The size of the table 、 Is it parallel : If the watch is big , And the system is idle , You can use parallelism to collect statistics .

Whether the table is partitioned : If it is a partition table, it is recommended to collect global statistics and a single partition with changed data volume ( Add GRANULARITY And parameters and set properties INCREMENTAL) Statistical information .

Do you want to collect statistics for the index : In general, you should collect index statistics .

Whether to collect histogram . The strategy of collecting histogram statistical information is to collect histogram statistical information only for columns that already have histogram statistical information , The primary histogram statistics of the target column are obtained by the understanding system DBA Manually collect histograms . Set up METHOD_OPT The value of is “FOR ALL COLUMNS SIZE REPEAT”.

Whether statistics can be collected concurrently : If the system has many small tables , You can consider collecting statistics concurrently .

The load of the system : When collecting statistics manually, you need to pay attention to the load of the system .

How long will it take collect complete : Yes OLAP For the big table of the system , According to the experience of collecting statistical information, we should estimate how long it will take to collect statistical information .

database-based 、SCHEMA Or table level : Judge whether it is necessary to use the database or SCHEMA Level to collect statistics .
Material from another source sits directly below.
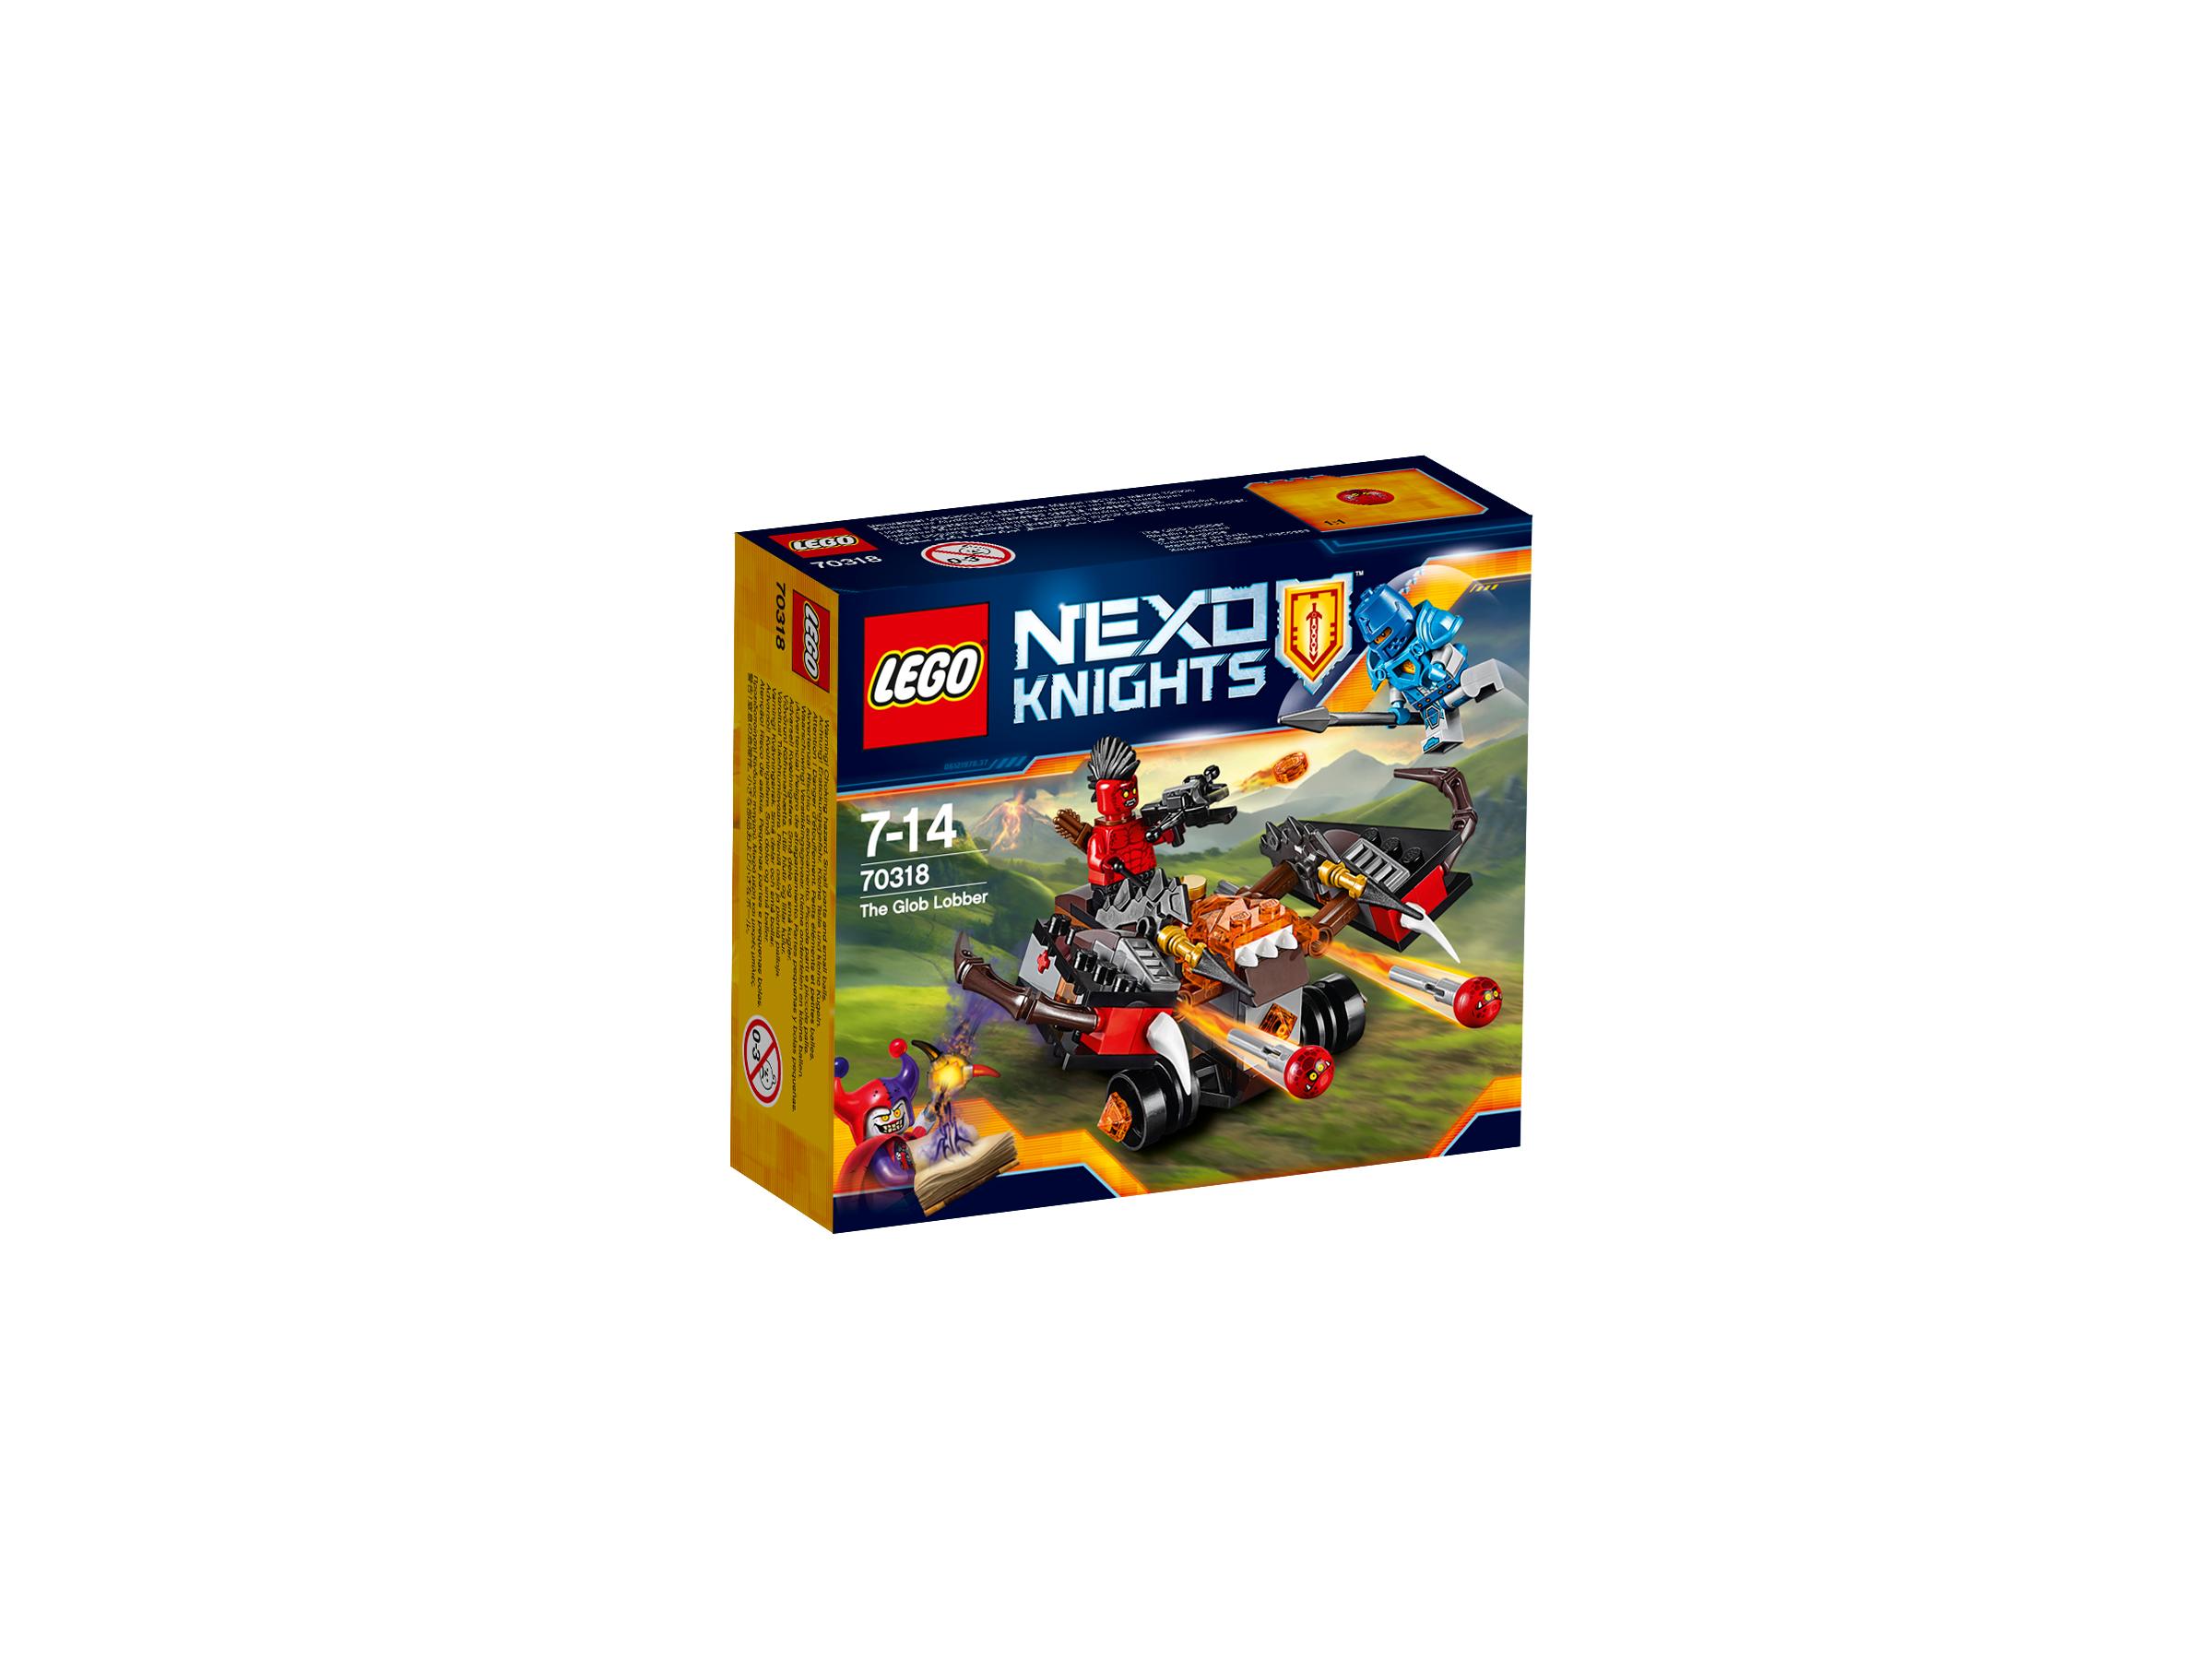 Lego City Julekalender Tilbud Audi A3 Leasing Tilbud

Whether you need to collect statistics for extended Columns . If the data in the table is highly skewed , Then the histogram collection can help the optimizer calculate the accurate Cardinality, So as to avoid bad execution plan ; Further , If there is a skew, multiple columns together form a Predicate And there is a strong column correlation between these columns , So generating multi column statistics with histogram is a good choice , It can help the optimizer accurately predict Cardinality.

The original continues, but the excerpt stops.